Этот объект — один из наиболее важных на линии Мажино. Лабиринт из коммуникаций всех видов, делающий его чем-то вроде гигантского термитника с необычайно сложными и запутанными на первый взгляд переплетениями, в общих чертах отвечает простому до чрезвычайности плану.
Для понимания сути этого рассказа излишним будет описывать расположение сооружений общего назначения, энергослужб, госпиталя и т. д., а также вспомогательные установки, которые дублируют, иногда несколько раз, центральную систему. Все это можно свести к следующей схеме.
УСЛОВНЫЕ ОБОЗНАЧЕНИЯ
А — коридор
Б — центральная ротонда
В — вертикальная труба, лестничная клетка
Г — лифт
Д — грузоподъемник
Е — тыловой командный пункт
Ж — центральная телефонная станция
3 — цех
И — склад
К — помещение для офицеров
Л — солдатская казарма
М — коридор, ведущий на наблюдательный пост
H, О, П, Р — коридоры, ведущие к боевым постам
Главный тоннель А прорыт на глубине трехсот метров.

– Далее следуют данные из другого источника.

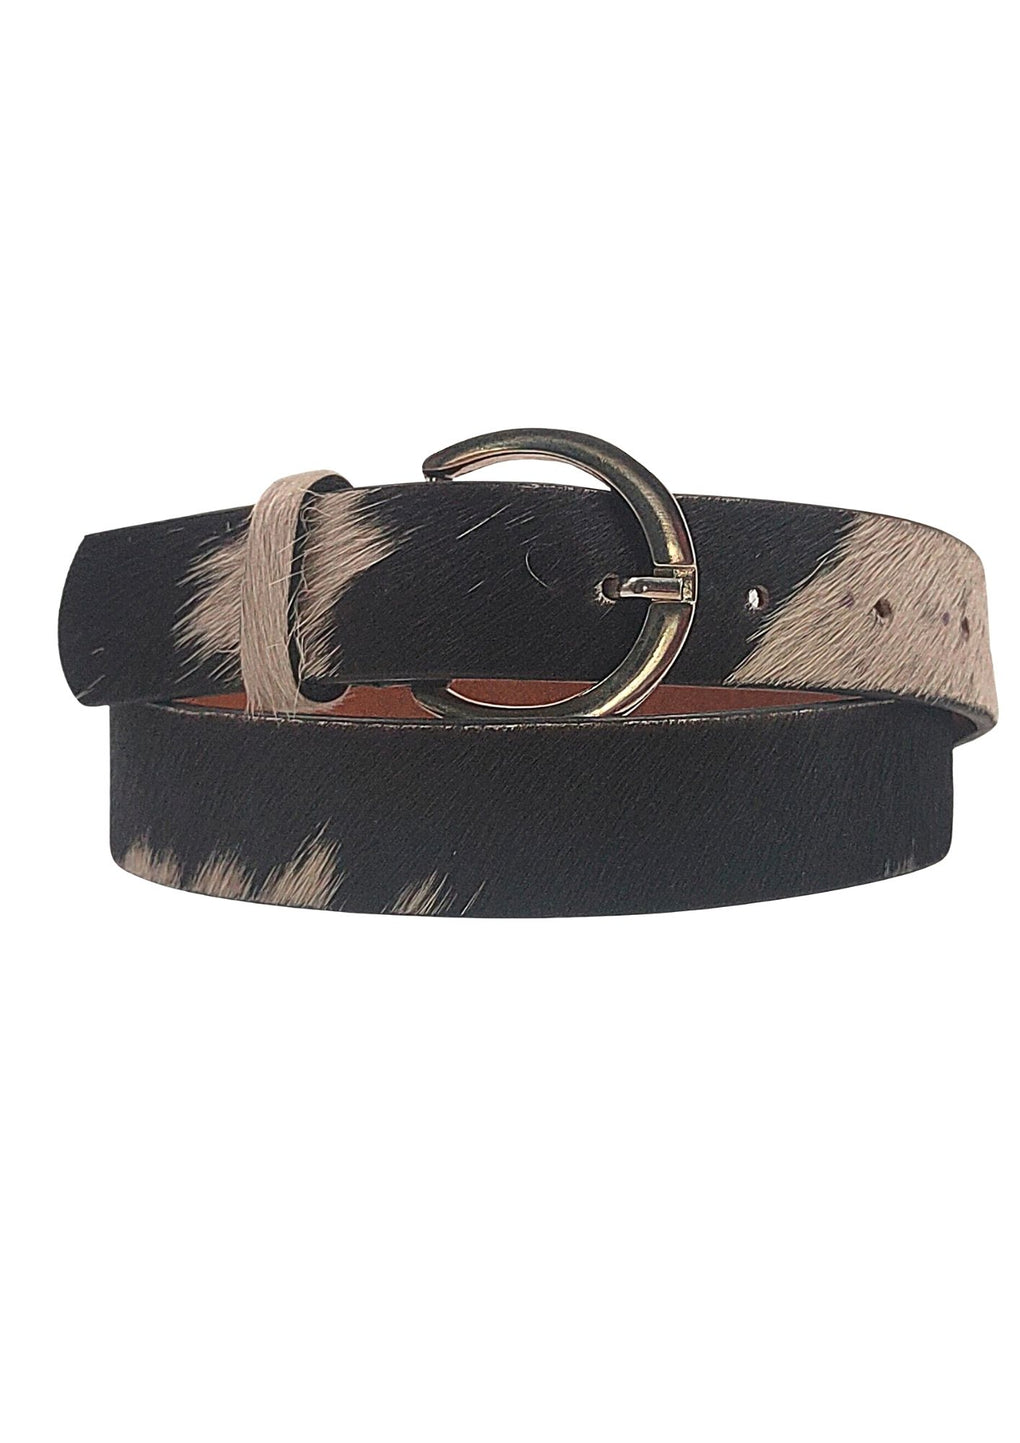 Cow Skin Hair-On Leather Belt With Silver Buckle (LB-1019_Black)

Он безупречно горизонтален и расположен почти вровень с перевалом. Там он переходит, расширяясь, в полукруглую ротонду Б , к которой примыкает огромная вертикальная труба В, пробитая до верхнего этажа. Тоннель и труба являются двумя крупными коммуникациями, артериями объекта.
Тоннель А снабжен узкоколейкой на электротяге, и еще остается место для самой настоящей автострады. Это просто метро, только больше. Тоннель тянется через весь нижний этаж, центром, сердцевиной которого является ротонда Б.

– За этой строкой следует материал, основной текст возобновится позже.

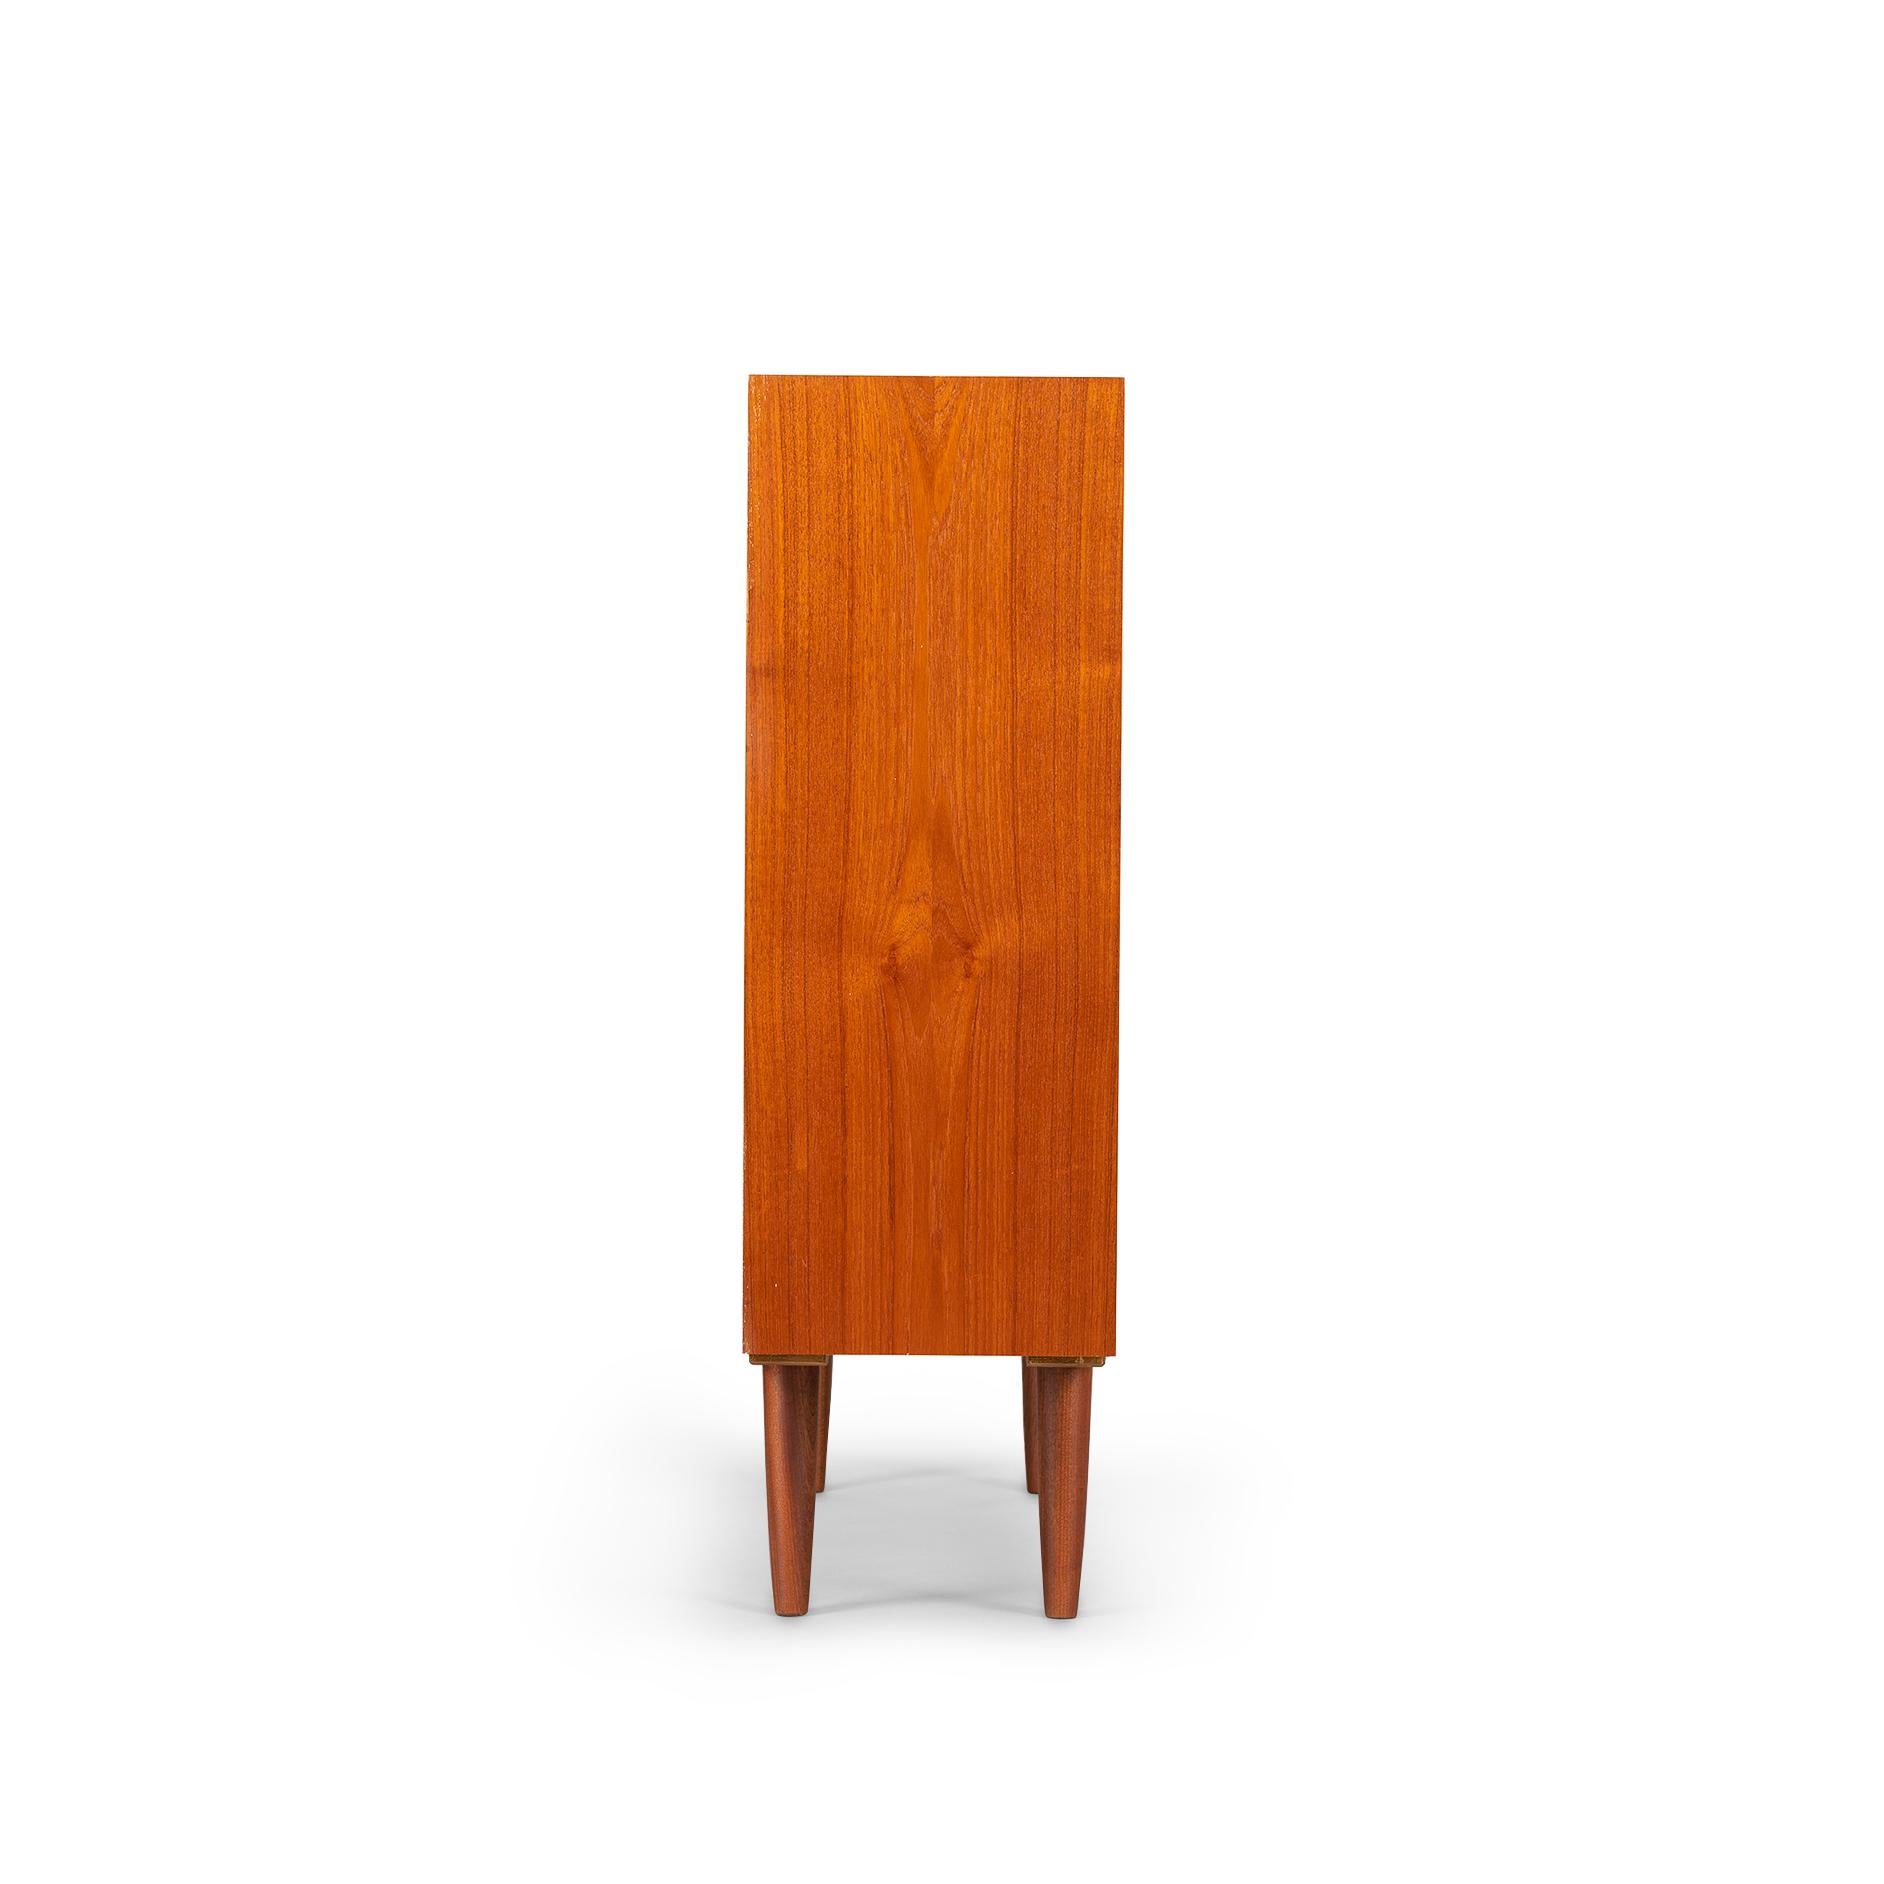 Nice elegant bookcase in teak by design of Kaj Winding for Poul Jeppesens Møbelfabrik from the 1960s. Four truly beautifully crafted hardwood drawers with signature Winding grips line the top of the bookcase which further comprises four height

Именно там находится тыловой командный пост Брюшо, а в непосредственной близости от него — телефонная станция, склад оружия и боеприпасов, цех по ремонту оружия, дортуары долговременного отдыха людей и комнаты офицеров.
Расходясь от участка Б в разные стороны, ряд малых галерей протяженностью иногда до километра обслуживает железобетонные блокгаузы и казематы со станковыми или ручными пулеметами, расположенные в самом основании обеих гор, точно на уровне северной долины. Сразу становится понятно, что нижний этаж является царством пехоты. Скорострельные орудия способны перекрыть на уровне лужаек, о которых мы говорили в начале этого повествования и которые являются не чем иным, как полигоном, вплоть до опушки леса, окаймляющего их с севера, все горизонтальные поверхности плотным и продолжительным огнем, смертоносным на всем протяжении траектории полета снарядов, абсолютно непреодолимым, делающим невозможным всякое движение, всякую жизнь.
Вот, пожалуй, и все о том, что мы будем называть первым этажом, гарнизон которого составляет исключительно четвертая рота.
Труба В обслуживает и второй из четырех этажей, которые включает в себя объект. По чистоте, свету и совершенству она напоминает спуск в шахту: в ней циркулируют грузоподъемники, вдоль ее стен бегут силовые, водяные и газовые трубы, крутые вспомогательные лестницы; не столь головокружительная основная лестница в самом центре уступает место скоростному лифту, предназначенному для передвижения начальников.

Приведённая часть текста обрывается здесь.